Similarly, after a member of the “800 Soldiers” fell off of the roof during an attempt to climb into the Legislative Yuan, the man later died from his injuries because the reaction of his cohorts was not to call an ambulance right away, or to not move him, as should be done in the case of falls into the ambulance arrives. Instead, the reaction was to try and shake him awake—this all occurring in spite of the fact members of the “800 Heroes” are former military personnel who should know how to treat injuries.

Otherwise, the optics of the “800 Heroes” has also not proved helpful for their cause. Attacking journalists at protests—as occurred several times during demonstrations held by the “800 Heroes”—proves deeply questionable when making journalists of all political stripes hesitant to cover protests for fear of being attacked makes them hesitant to cover their causes in a sympathetic light. Hilariously, members of the “800 Heroes” later attempted to make amends by designating special clothing for members of the press to wear at protests, though this was scoffed at by many journalists.
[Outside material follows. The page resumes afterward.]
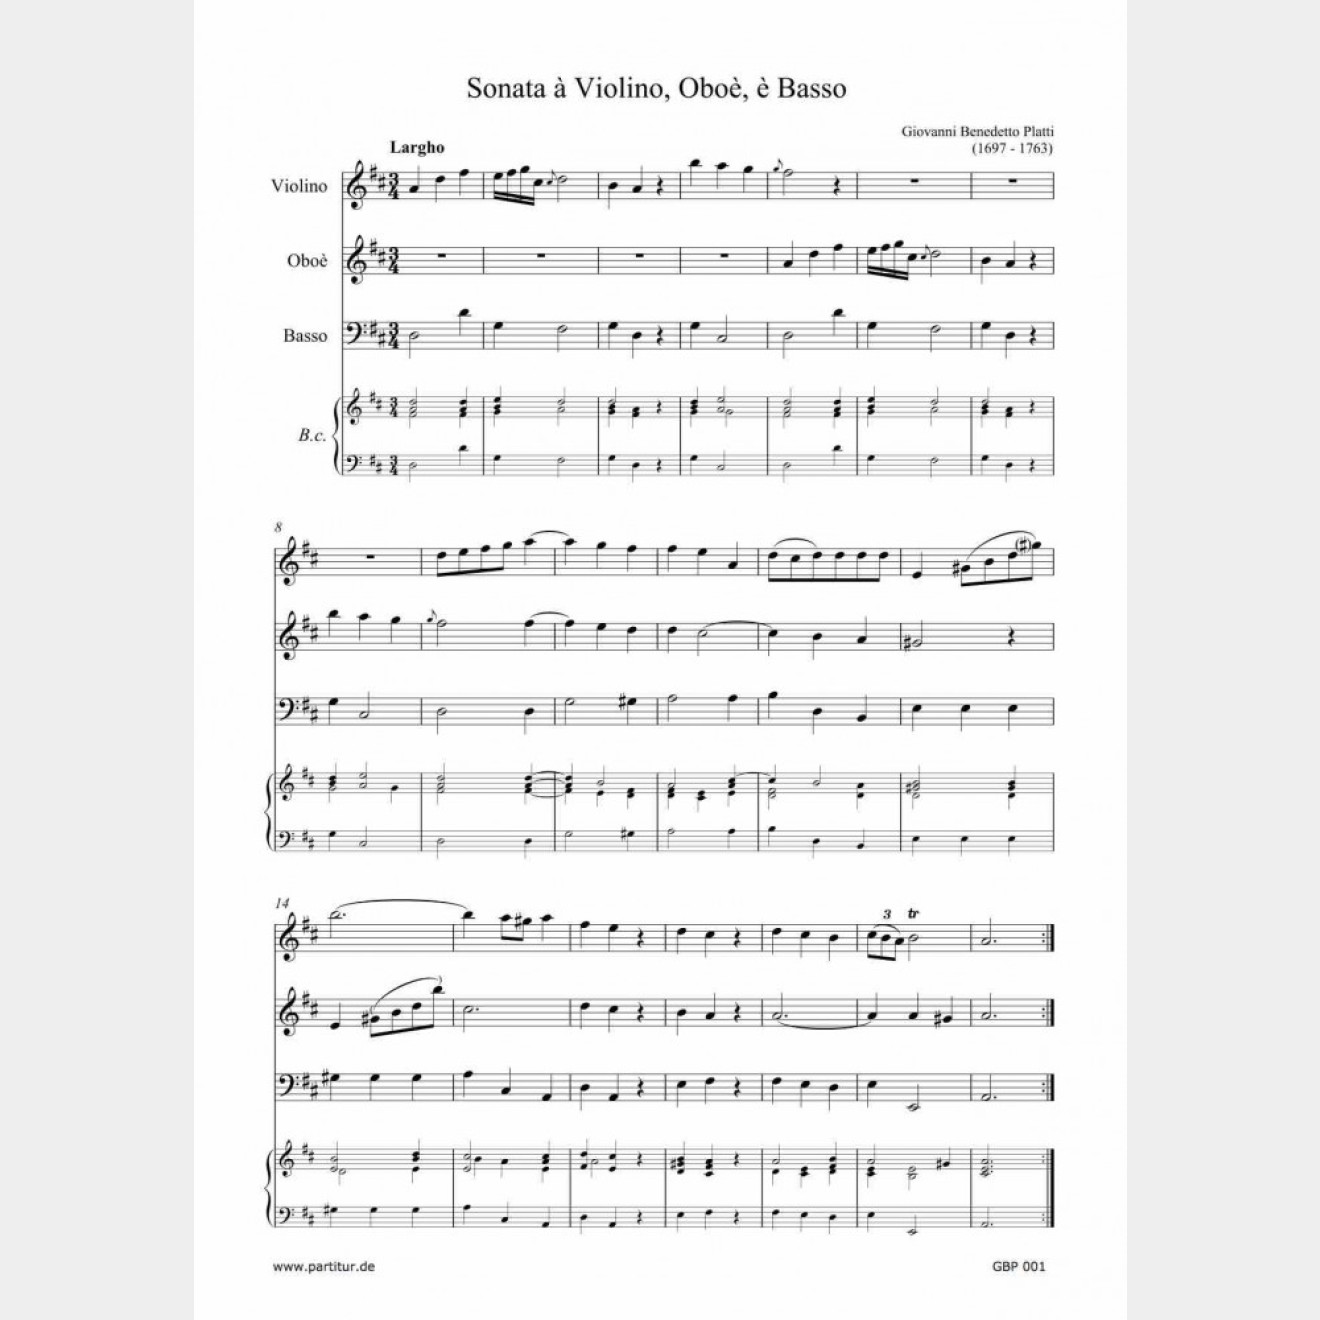 Sonata à Violino, Oboè è Basso (D-major, WD 682)

Clothing for journalists during protests provided by members of the “800 Heroes.” Photo credit: 八百壯士捍衛權益/Facebook

Similarly, the pro-China viewpoints of the “800 Heroes” have not helped, particularly given how out of touch they are with reality—such as claiming that China treats its military veterans better than the DPP, when contemporary protests by veterans China have resulted in the outright use of force by the Chinese government against military veterans.

The pension reform issue, then, may ultimately prove one which may backfire for the KMT. The KMT may be choosing the wrong hill to die on if it decides to continue to make this an issue.